If, as commonly, you find that a vendor has inserted a DIV1 tag that is coterminous
with the BODY--i.e., a DIV1 that simply contains all the body of the
book, rather than only part of it--be aware that:

(1) Such a DIV1 is superfluous. It may nearly always be safely
removed except when doing so would leave the BODY without
any DIVs at all.

(2) The only two places where I can think that we commonly
    deliberately insert such a DIV1 occur (1) within
    the <Q><TEXT><BODY> construction, when we frequently use a
    <DIV1> of a particular TYPE in order to specify the nature
    of a quoted text (e.g. <Q><TEXT><BODY><DIV1 TYPE="document">);
    and (2) when the BODY would otherwise have no DIVs at all.

(3) Such a DIV1 is basically harmless. If removing it requires that
we change the level of many subordinate DIVs, we usually
leave it in place.

(4) Such a DIV1 usually receives a TYPE attribute of "text," rather
    than (say) "book" or "body", just by tradition; in retrospect,
   a TYPE="body" would probably make more sense and be more consistent
    with our other practice.

(5) We usually do *not* use the TYPE attribute of such a DIV1 as
    a backdoor way to indicate the genre of the book as a whole.
    Such generic classification is better left to the information
    in the bibliographic record, and therefore in the header,
    where it is under cataloguers' control, than to us. That is,
    we do *not* say <BODY><DIV1 TYPE="treatise">...</DIV1></BODY>
    or <BODY><DIV1 TYPE="almanac">...</DIV1></BODY>

(6) There is no, however, no harm done by using the TYPE
    atribute in this way. It is just that it takes us into
    a kind of subject cataloguing that is not our job and can
    easily become quite challenging. In a few well-defined genres,
    in which we may someday wish to create restricted searches, it may
    even provide some benefit to retrieval (e.g.: type="play"
    and type="letter"), but not enough to make up for the cost it
    would impose if we chose to carry it through consistently.

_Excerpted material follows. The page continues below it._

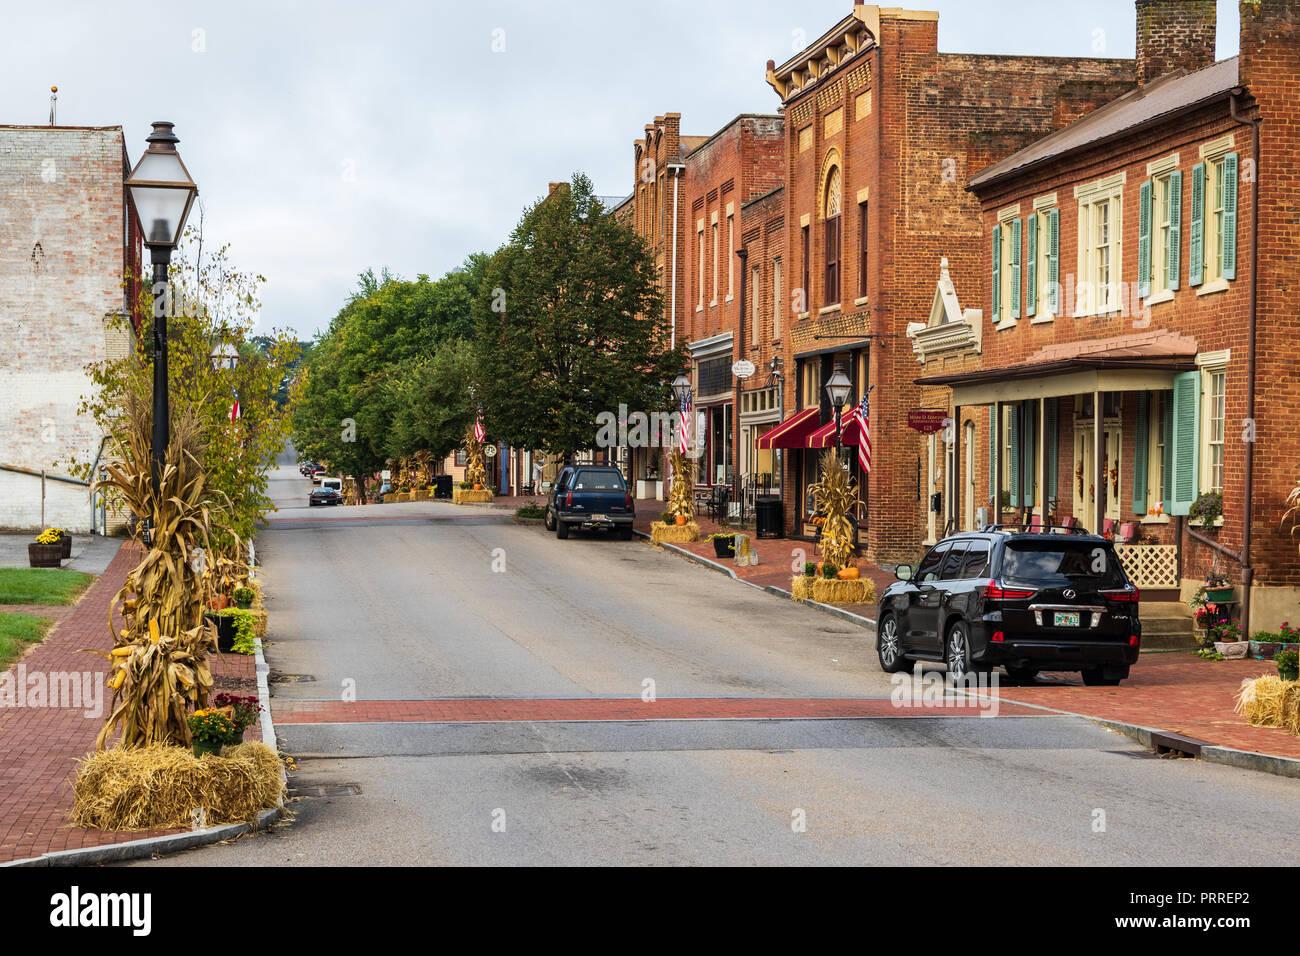 JONESBOROUGH, TN, USA-9/29/18:  Colorful Thanksgiving displays with cornstalks, chrysanthemums, pumpkins, and hay bales line main street. Stock Photo
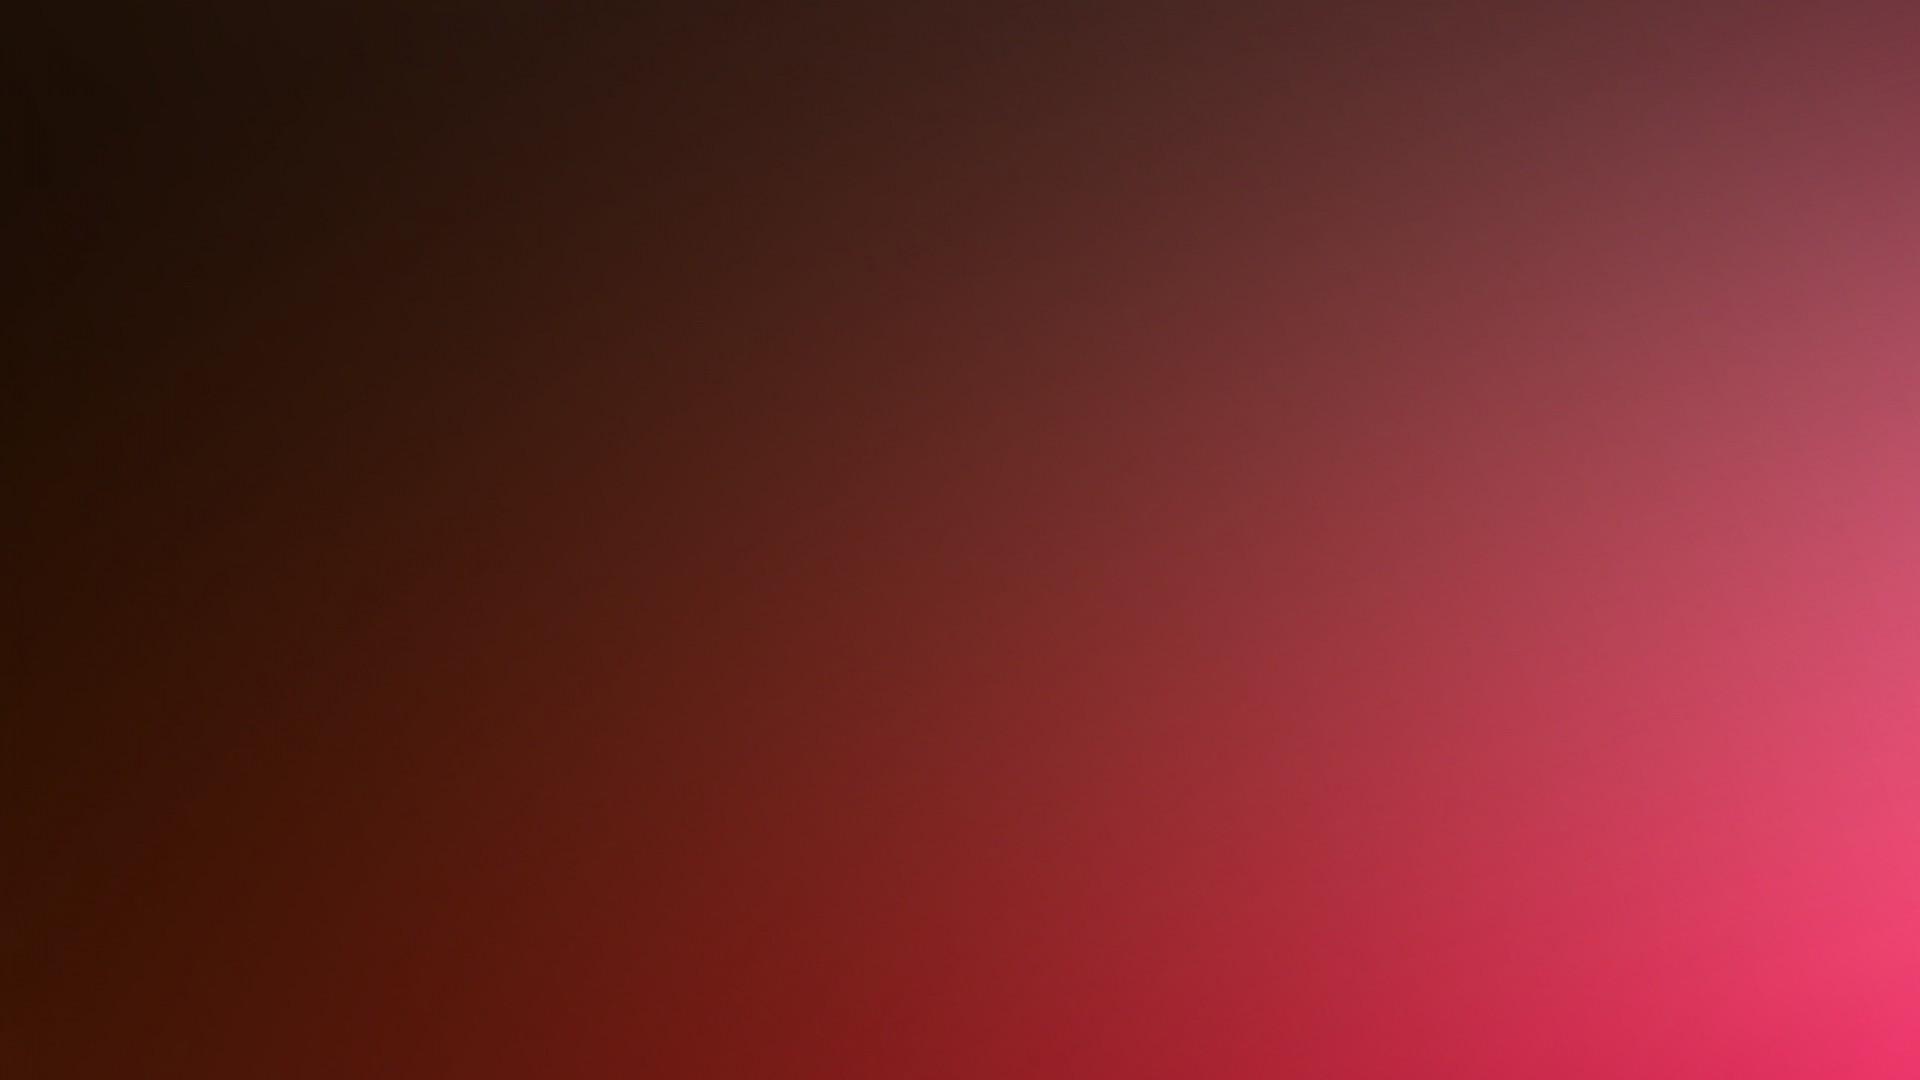 Wallpaper pink, shadow, background, colors, dark

So feel free to say DIV1 TYPE="play" or DIV1 TYPE="letter" (and maybe a few more common genres that occur to you), even when the whole book consists of the play or letter in question--but if the genre does not fall into one of these obvious categories, just use TYPE="text" rather than searching for an appropriate genre.

(7) The most important function of the TYPE attributes on DIVs
    in general is to clarify the relationship of parts of
    the book to each other and to the book as a whole. I
    realize that this too can involve some generic labelling,
    but this is only a kind of byproduct of the primary purpose
    of explicating relationships.

4. Printer's errors

Question: I have just come across some very clear type which says "fonne of God." Do I record it as "fonne" or "sonne"?

We would go with "fonne", although the printer would not thank us for perpetuating his mistake. The only situations in which we normally correct the printed copy have to do with attribute values: if the sequence of chapters is clear, but one is misnumbered (e.g.: LI, LII, LIII, LIV, LV, LIV, LVII), we set the value of the "N" attribute to the underlying, rather than to the printed, number (N="54" N="55" N="56"), while leaving the literal text as it is. We occasionally deal with mismatched footnote numbers the same way, by using the 'correct' number as the value of the N attribute and ignoring the incorrect one. Finally, there are times when a symbol of some kind is used with a meaning quite different from its usual meaning; in that case (if the symbol is based on a letter), we often preserve only the base letter within <ABBR> tags, rather than record a semantically misleading character entity. Thus "Esq;" is captured as <ABBR>Esq</ABBR> rather than as Es&abque;.